— PROBLEM DESCRIPTION —
Would you retype the listing below word for word, without any of its pictures?

— STORED DATA —
——

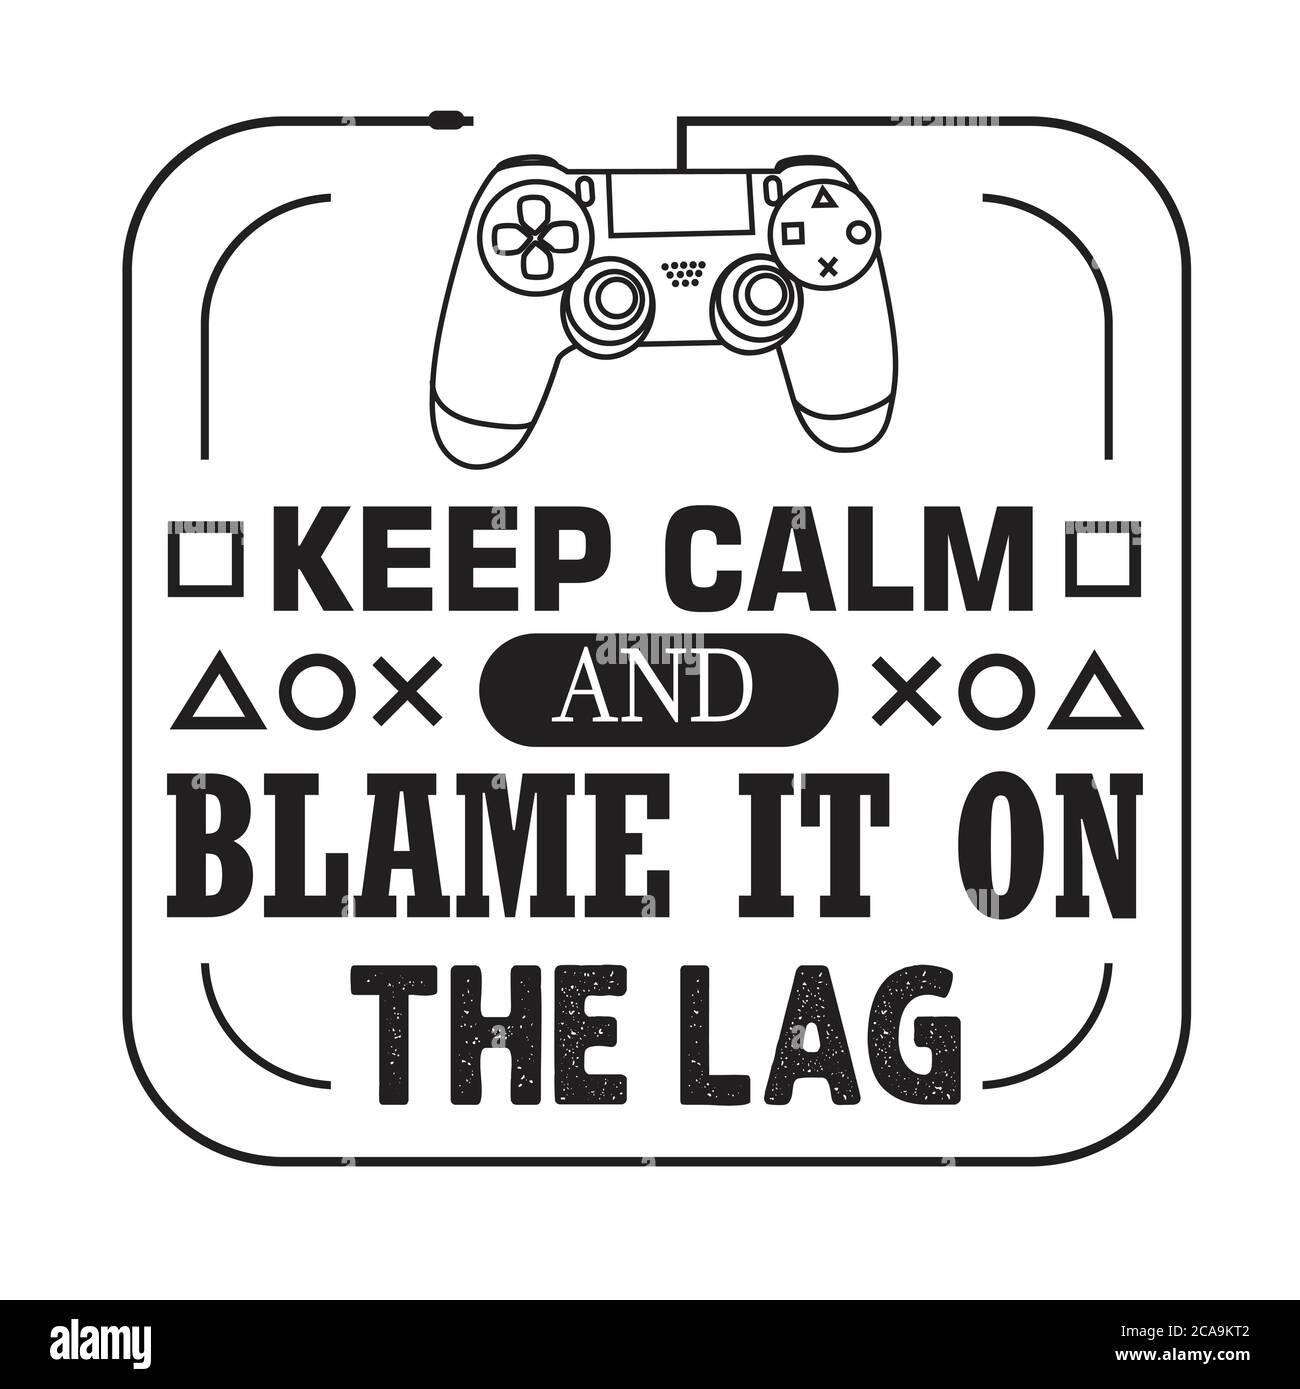 Gamer Quotes and Slogan good for T-Shirt. Video Games Ruined My
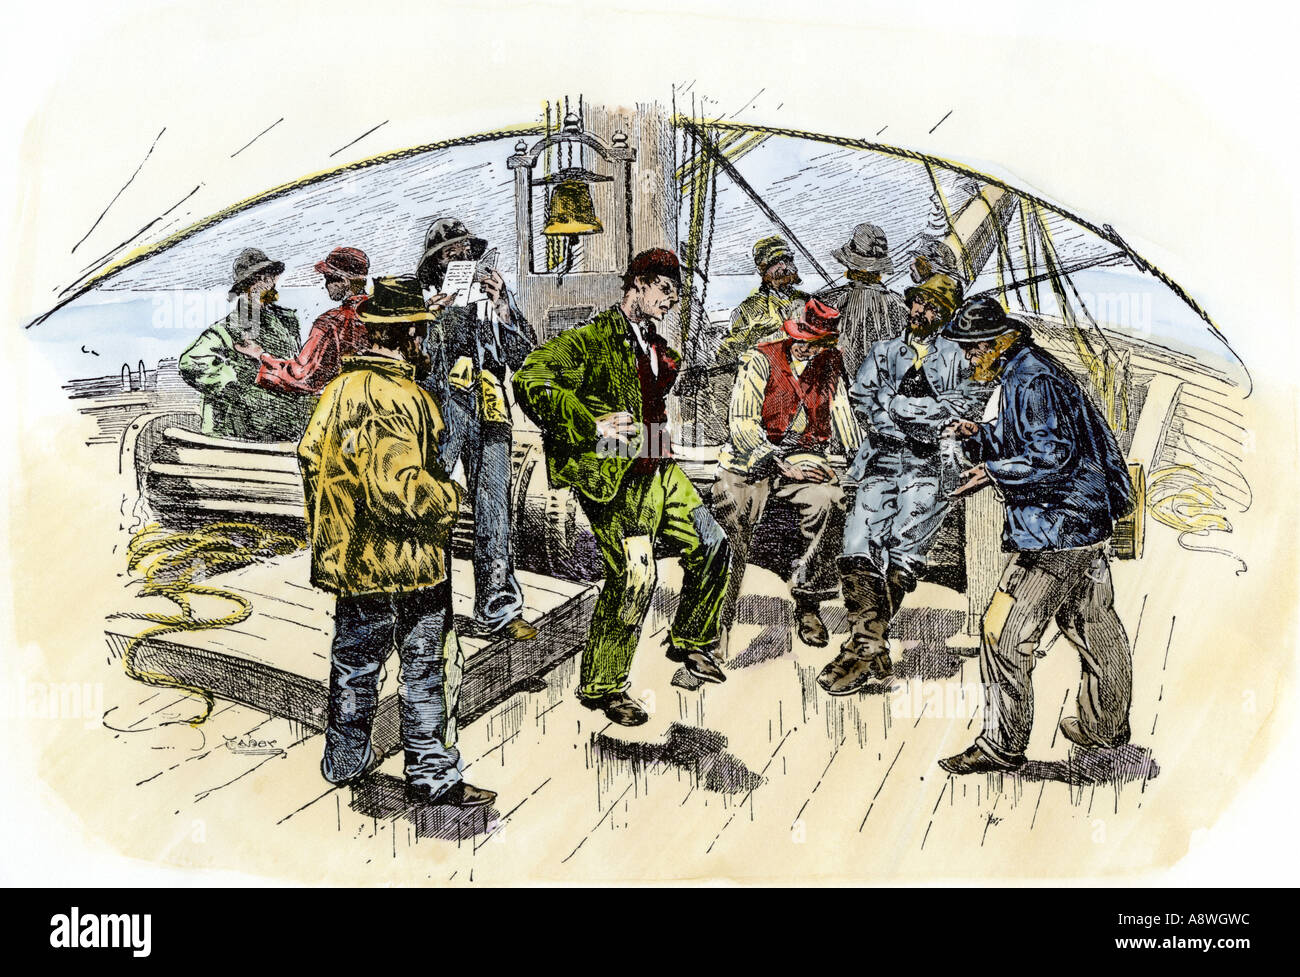 Sailors gamming a time of talking and entertaining each other on a whaling ship 1800s. Hand-colored woodcut Stock Photo
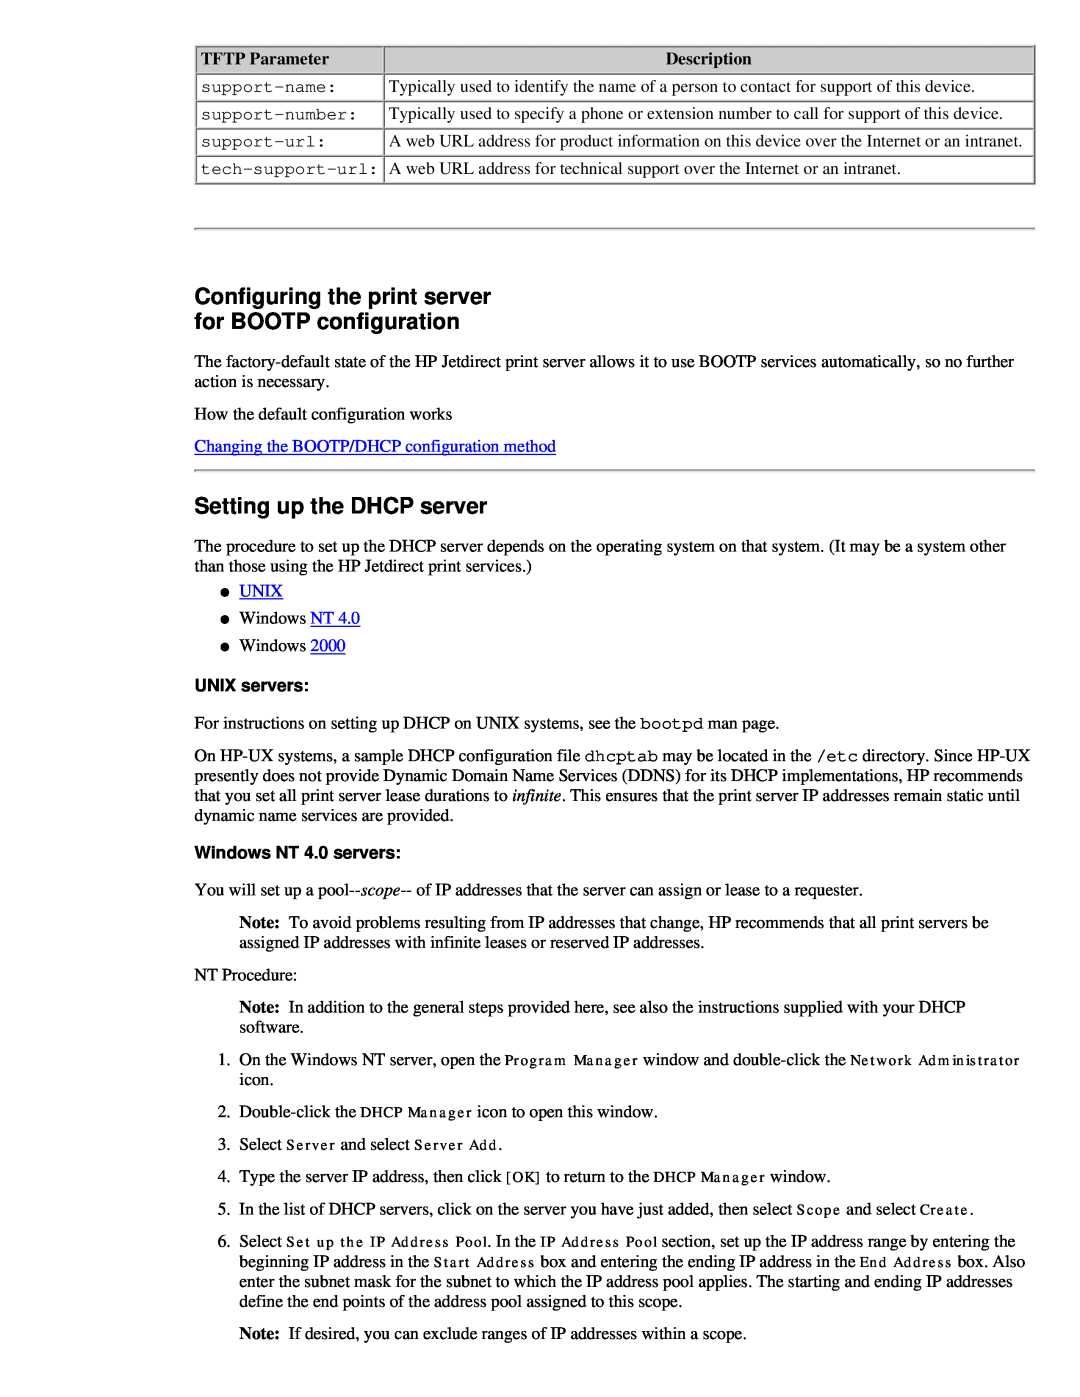 HP 310X Configuring the print server for BOOTP configuration, Setting up the DHCP server, TFTP Parameter, Description

——

— EXERCISE RESULT —
 Gamer Quotes and Slogan good for T-Shirt. Video Games Ruined My
 Sailors gamming a time of talking and entertaining each other on a whaling ship 1800s. Hand-colored woodcut Stock Photo
 HP 310X Configuring the print server for BOOTP configuration, Setting up the DHCP server, TFTP Parameter, Description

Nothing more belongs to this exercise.